Die Basis für die Pötze – also das Grundgerüst, auf dem jede Figur basiert – fand Reinhardt in den
magischen Zeichen des Okkultisten Franz Bardon. Das hier zu einer Lehre der Magie
weiterentwickelte metaphysische Gedankengut einer feinstofflichen Verbindung des Irdischen mit
himmlischen Sphären hat Reinhardt offenbar fasziniert – denn bei Bardon nehmen diese
Verbindungen Gestalt an in Form von symbolischen Zeichen, die für die Engel in ihren verschiedenen
Sphären stehen. Auch in Reinhardts Tagebüchern tauchen immer wieder die Gedanken einer schwer
zu konkretisierenden Transformation von Energie auf, der Beziehung zwischen dem Materiellen und
dem Geistigen.

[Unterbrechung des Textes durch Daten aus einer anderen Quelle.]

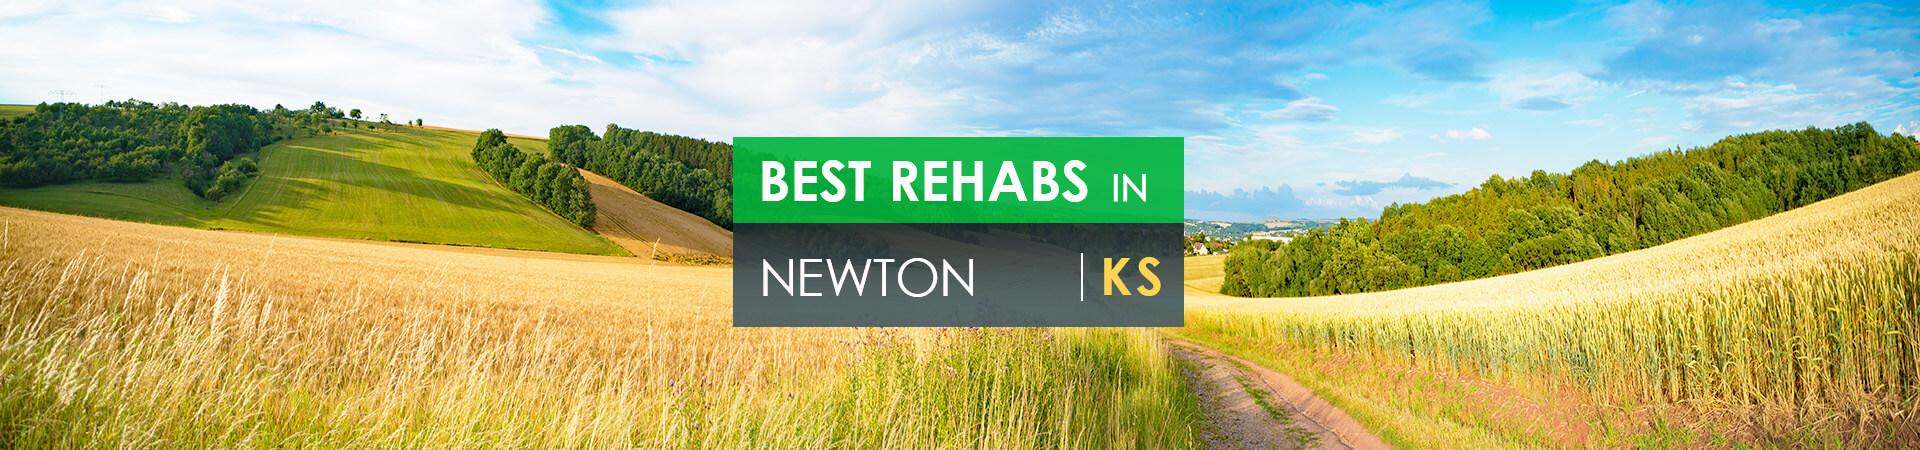 Best rehabs in Newton, KS

Angeregt durch das Studium des „ Senfkorngartens“, einem im 17. Jahrhundert
verfassten, im Laufe der Jahrhunderte immer weiter entwickeltes Muster- und Lehrbuch der
chinesischen Tuschemalerei, hat er bereits in den ausgehenden 60er-Jahren eine Art symbolhafte
Zeichensprache entwickelt und übte sich im freien Zeichnen von Zeichen, die Träger seiner Ideen
werden sollten. Systematisches, morphologisches Zeichnen, auch in Kreisen, Dreiecken und Wellen
nach dem Vorbild von Dürers Buch der Messungen nimmt er sich bereits 1968 vor, wie aus einem
Eintrag in seinem Tagebuch hervorgeht. Rückblickend hat er also die grafischen und geistigen
Grundlage lange schon angelegt, bevor sie in den Pötzen Gestalt annahmen. In der Übernahme der
bardonschen Zeichen traf also vieles zusammen: Die ästhetische Form der klaren grafischen
Gestaltung, die Vermittlung von Emotionen und die symbolhafte Verbindung zu einer höheren, von
menschlicher Vernunft abgelösten Bedeutung. Reinhardt hatte eine Form gefunden, um all seine
Gedanken vielfältig, fundiert und dennoch mit viel Raum für Kreativität und pointiert zum Ausdruck
zu bringen. Ein inhaltlicher Zusammenhang zwischen der den Engeln sowie den Pötzen
zugeschriebenen Bedeutungen lässt sich nach unserem Eindruck jedoch nihct herstellen.

706 Bardon

In seiner „Praxis der magischen Evokation“ hat der Okkultist Franz Bardon (*1. Dezember 1909, in
Troppau, Österreich-Ungarn, gest. 10. Juli 1958 in Brünn, Tschechoslowakei) eine umfassende
metaphysische Lehre entwickelt, die auf der Suche nach dem Urgrund aller Schöpfung beruht. Seiner
Auffassung nach entwickeln sich Kräfte und Prozesse im Zusammenspiel von Kontraktion,
symbolisiert durch das Wasser, und der Expansion, symbolisiert durch das Feuer. Der Mystiker, der
unter einem Akronym auftrat und von den Nationalsozialisten verfolgt und in Konzentrationslager
verschleppt wurde, schuf mit diesem System die Grundlage für seine Lehre der Magie. Die Mittler
zwischen Himmel und Erde, die der Magier für die Inanspruchnahme seiner Kräfte anzurufen hatte,
werden hier durch zahlreiche Engel als spirituelle Existenzen der vier Hauptelemente repräsentiert,
deren Namen und zugeordneten Zeichen Bardon in seiner Publikation aufzeichnet und mit Nummern
versehen hat. Wie der Bardon-Forscher Emil Stejnar herausgefunden hat, verbergen sich hinter den
Namen dieser Engel, deren Ursprung oder Herkunft Bardon in seien Publikationen nicht weiter
erläutert, kodierte Namen von Fixsternen aus unserem Sonnensystem. Nach Steynar sollten die
verklausulierten Namen dazu dienen, die besten Zeiten für deren Evokation zu berechnen. Somit
liegen also den Engeln Sternbilder zugrunde. Bardons Theorien wurden posthum von esoterisch-
rechtsextremistischen Agitatoren für antisemitisch-freimaurerische Verschwörungstheorien
vereinnahmt.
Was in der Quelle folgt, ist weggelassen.